A jesteś pewny, że impedancja prostego źródła z jednym tranzystorem bipolarnym wynosi kilkaset kiloomów? W życiu przebadałem mnóstwo różnych układów i często zauważałem, że teoretyczne obliczenia mają się nijak do wyników otrzymanych z przeprowadzonych pomiarów zmontowanych układów, bo czegoś w tych wyliczeniach się nie uwzględniło.
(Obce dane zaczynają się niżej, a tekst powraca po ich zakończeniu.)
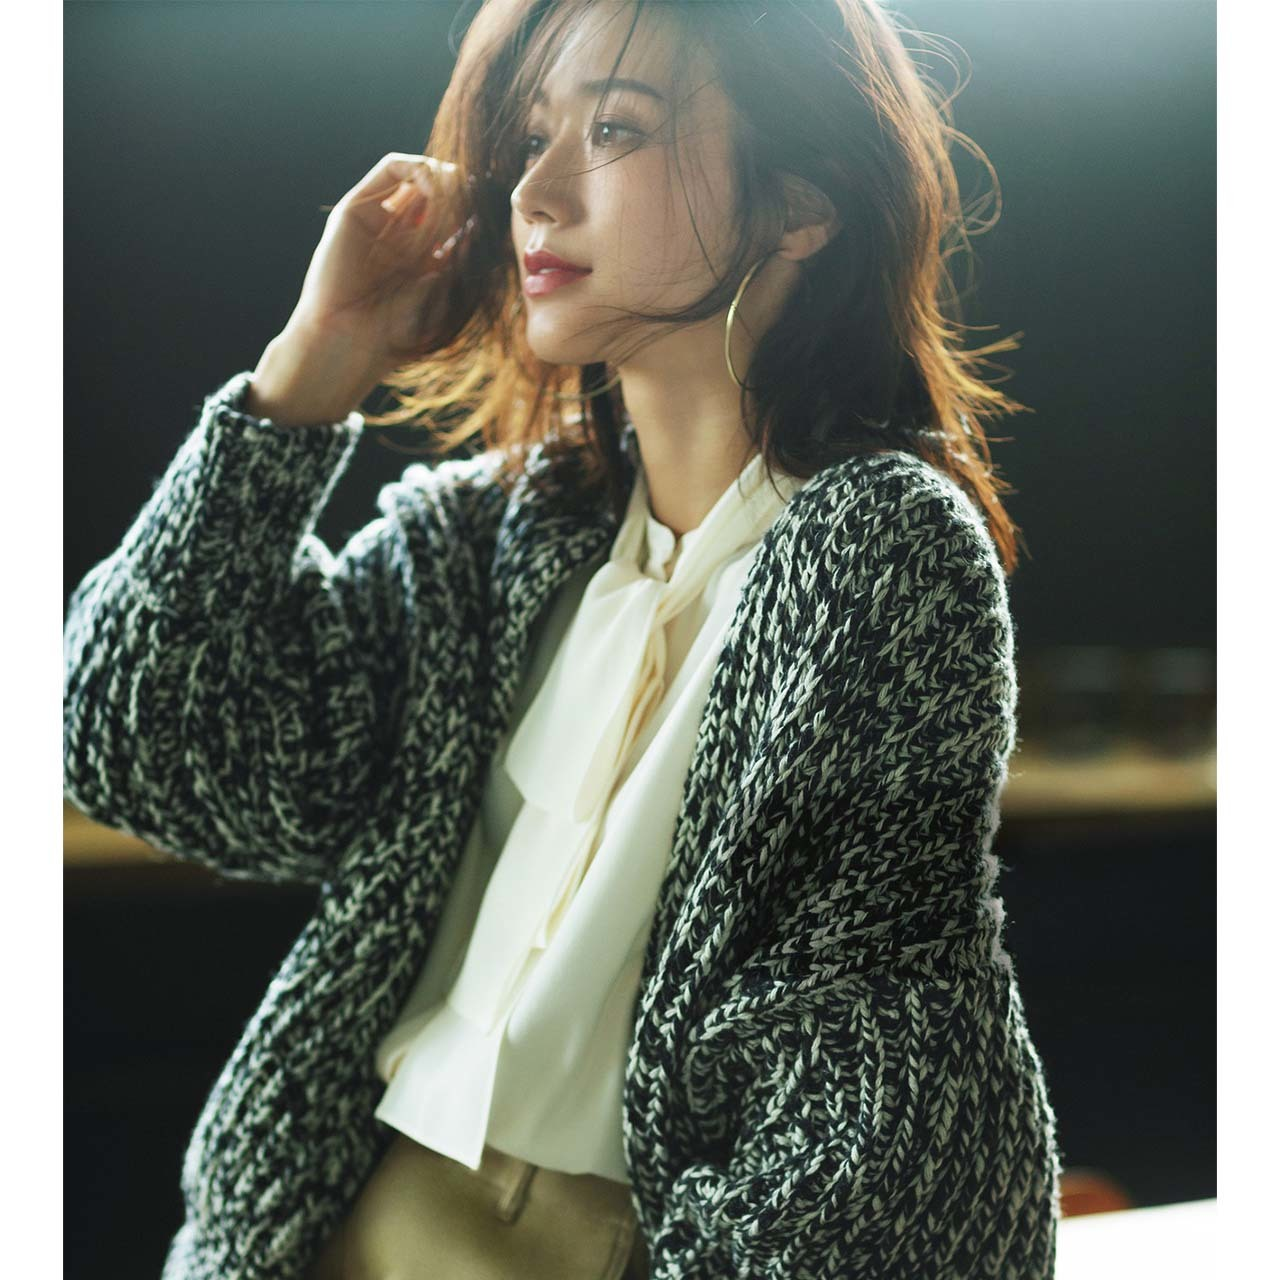 カーディガン×シルク見えブラウスコーデを着たモデルの牧野紗弥さん
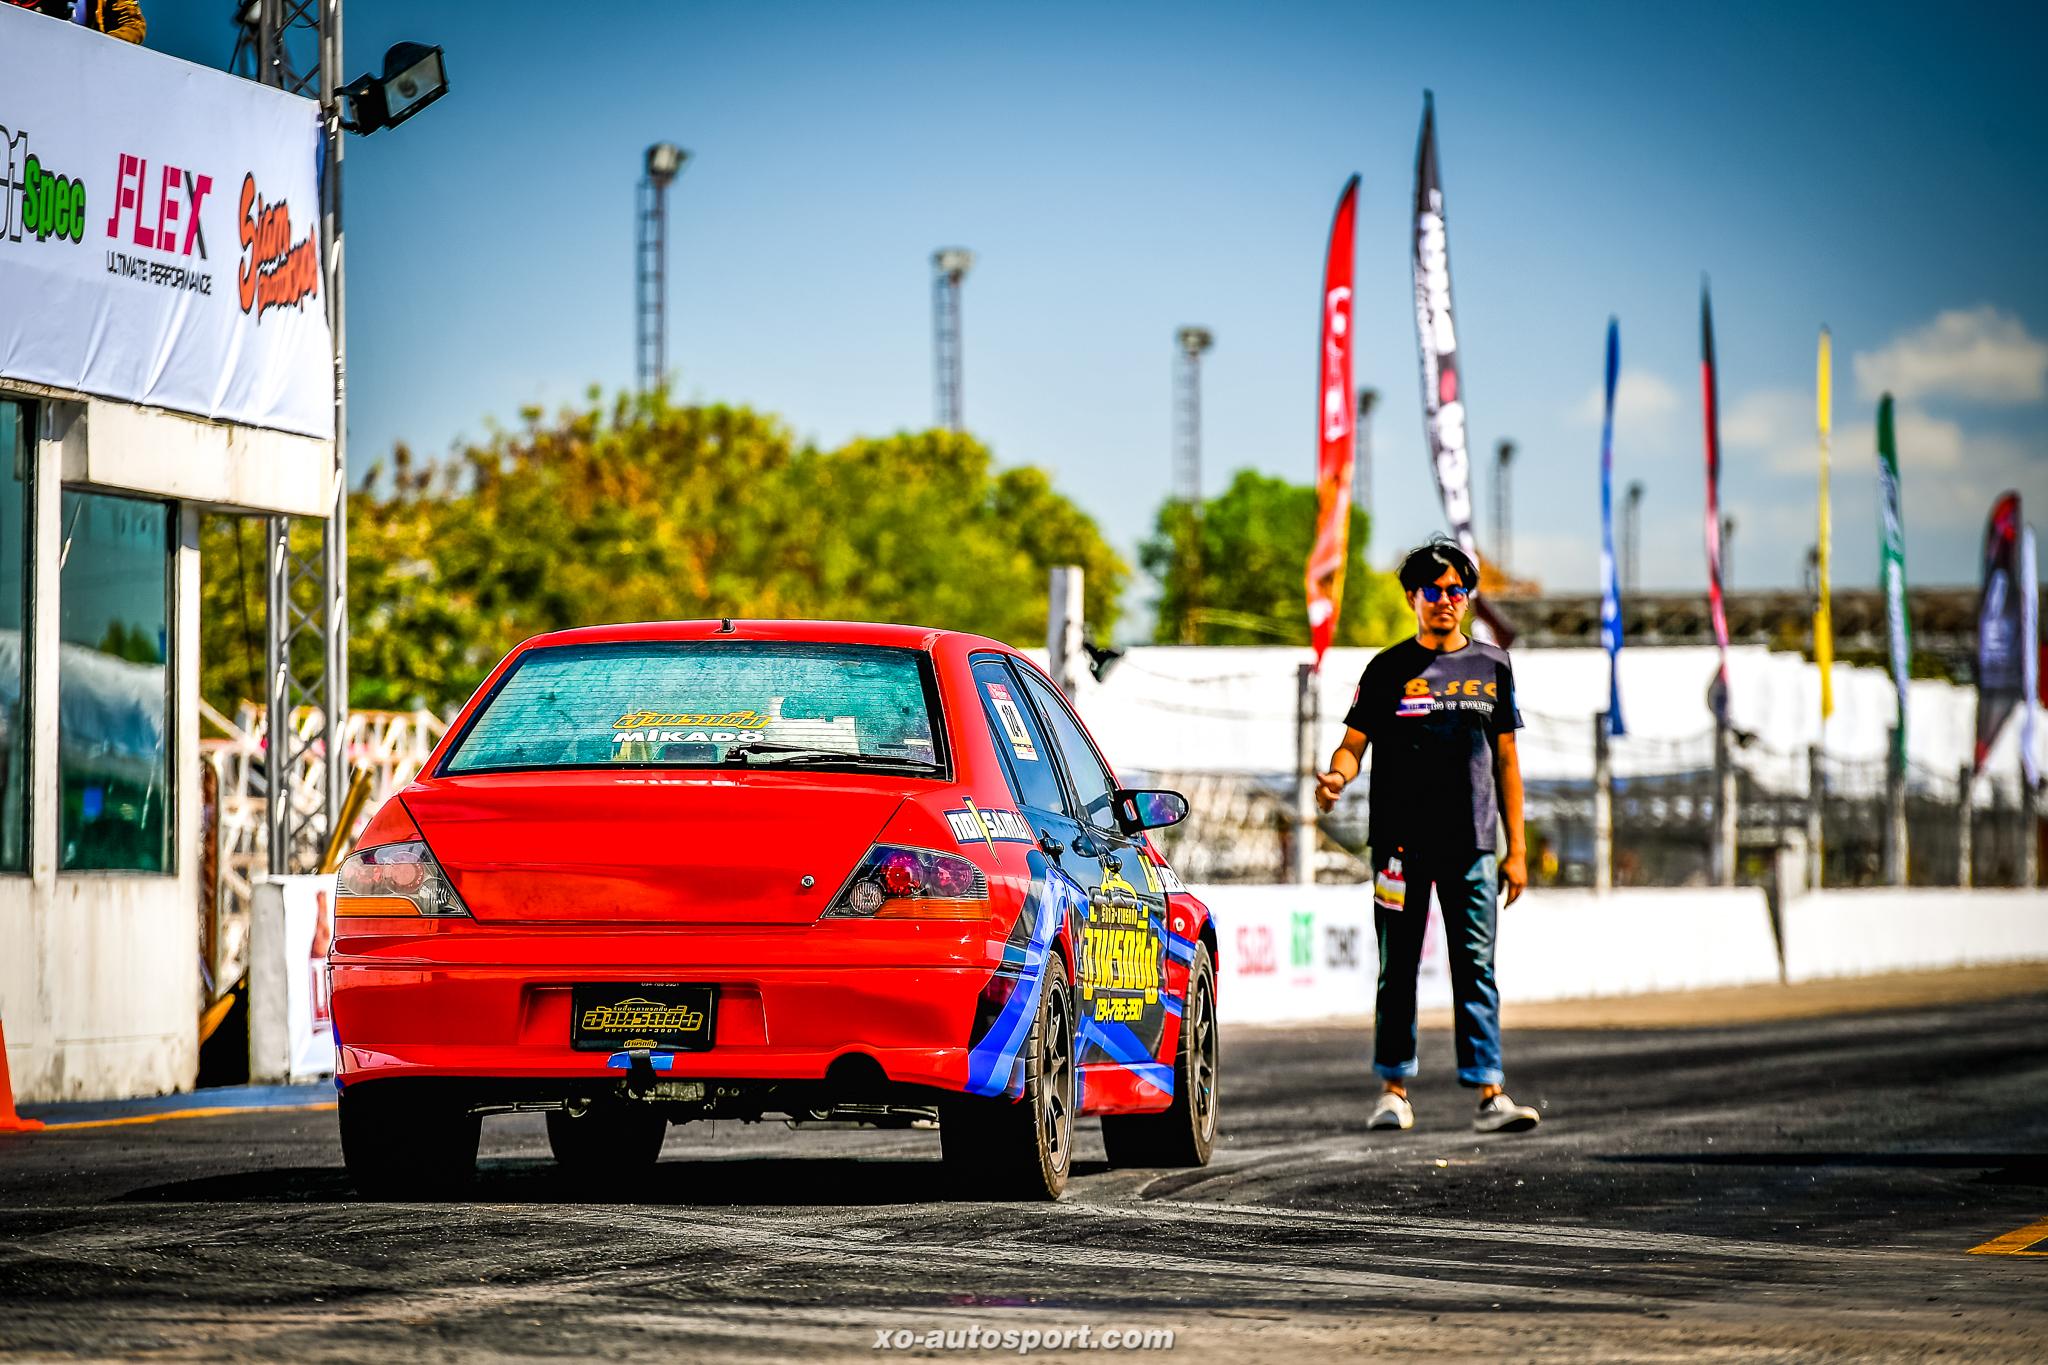 Super 4 4WD Champion 03

Weźmy jako przykład to proste źródło prądowe, w którym napięcie bazy stabilizowane jest czerwoną diodą świecącą LED (załącznik).

W wyniku występowania efektu Early'ego napięcie Ube tranzystora zmienia się wraz ze zmianami napięcia Uce mniej więcej o -0,0001* delta Uce. Prąd bazy ma bardzo małą wartość dzięki dużej "becie" tranzystora BC546B, więc możemy przyjąć, że napięcie bazy nie zależy od napięcia emiter-kolektor, a prąd bazy w prądzie emitera ma bardzo mały udział (można założyć, że prądy emitera i kolektora są sobie równe). W podanym przeze mnie przykładzie (załącznik) zmiana napięcia Uce o 10 V (z 10 do 20 V) powinna wywołać zmianę napięcia na emiterze o 0,001 V, co powinno wywołać zmianę prądu kolektora o 0,0196 mA. Tak mała zmiana prądu oznaczałaby, że oporność źródła prądowego wynosi aż 510 kiloomów. Niestety, w rzeczywistości rezystancja źródła, w zależności od użytego tranzystora, potrafi być niemal dwudziestokrotnie niższa. Na dodatek zmiany termiczne, wywołane zmianami mocy traconej w tranzystorze, sprawiają, że źródło jest mało stabilne i jego prąd potrafi zmieniać się w dość dużych granicach (nawet ponad 10%) przy zmianach napięcia Uce i zmianach temperatury otoczenia. Dodanie drugiego tranzystora radykalnie zmienia sytuację. Po takim usprawnieniu, wady, które opisałem, znikają, a rezystancja źródła rośnie do wartości megaomów, a może nawet dziesiątek megaomów.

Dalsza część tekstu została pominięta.